Modulation of multidrug resistance efflux pump activity to overcome chemoresistance in cancer.

作者信息

Modok Szabolcs, Mellor Howard R, Callaghan Richard

机构信息

Oxford Drug Resistance Group, Nuffield Department of Clinical Laboratory Sciences, John Radcliffe Hospital, University of Oxford, Oxford OX3 9DU, UK.

出版信息

Curr Opin Pharmacol. 2006 Aug;6(4):350-4. doi: 10.1016/j.coph.2006.01.009. Epub 2006 May 11.

Abstract

Early publications using cultured cancer cells immediately recognized the phenomenon of resistance to anticancer agents. However, it was not until 1973 that it was first demonstrated that a major factor in the resistance of cancer cells was that of reduced drug accumulation.
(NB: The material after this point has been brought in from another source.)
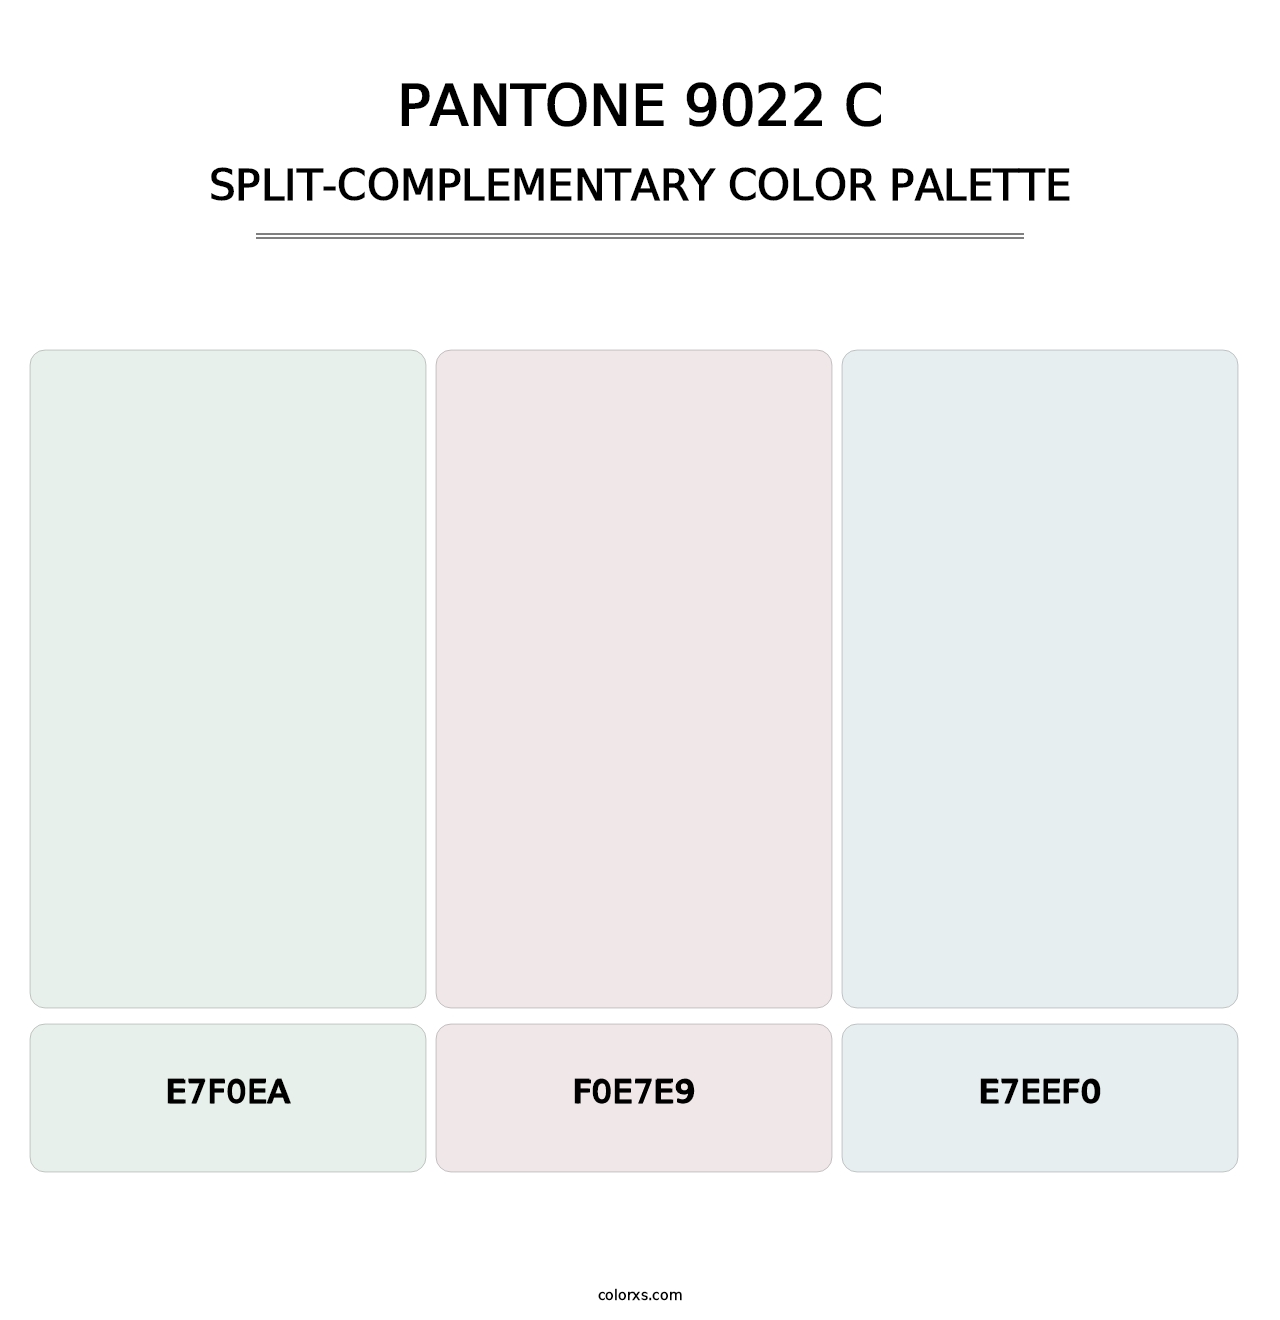 PANTONE 9022 C - Split-Complementary Color Palette

This year marks the 30th anniversary of the discovery by Juliano and Ling that P-glycoprotein mediates this active efflux of chemotherapeutic drugs from cancer cells. Since this seminal finding, the investigation of P-glycoprotein (MDR1, ATP binding cassette [ABC]B1) has proceeded with great vigour. However, it soon became apparent that P-glycoprotein was not expressed in all drug-resistant cells that displayed an accumulation deficiency, which led to the discovery of other ABC transporters involved in drug efflux. In 1992, the multidrug resistance-associated protein (MRP1, ABCC1) was identified in small cell lung cancer followed by breast cancer resistance protein (mitoxantrone resistance protein, ABCG2) in 1999. After three decades of research, can we confidently define the contribution of multidrug resistance transporters to chemoresistance and do we have clinically useful drugs to sensitise cancers?

摘要

早期使用培养癌细胞的出版物立即认识到了抗癌药物耐药现象。然而,直到1973年才首次证明癌细胞耐药的一个主要因素是药物积累减少。今年是朱利亚诺和凌发现P-糖蛋白介导癌细胞中化疗药物这种主动外排作用30周年。自从这一开创性发现以来,对P-糖蛋白(多药耐药蛋白1,ATP结合盒转运蛋白[ABC]B1)的研究一直蓬勃开展。然而,很快就发现并非所有表现出积累缺陷的耐药细胞都表达P-糖蛋白,这导致了其他参与药物外排的ABC转运蛋白的发现。1992年,在小细胞肺癌中鉴定出多药耐药相关蛋白(MRP1,ABCC1),随后在1999年发现了乳腺癌耐药蛋白(米托蒽醌耐药蛋白,ABCG2)。经过三十年的研究,我们能否自信地确定多药耐药转运蛋白对化疗耐药的作用,我们是否有临床上有用的药物来使癌症敏感化?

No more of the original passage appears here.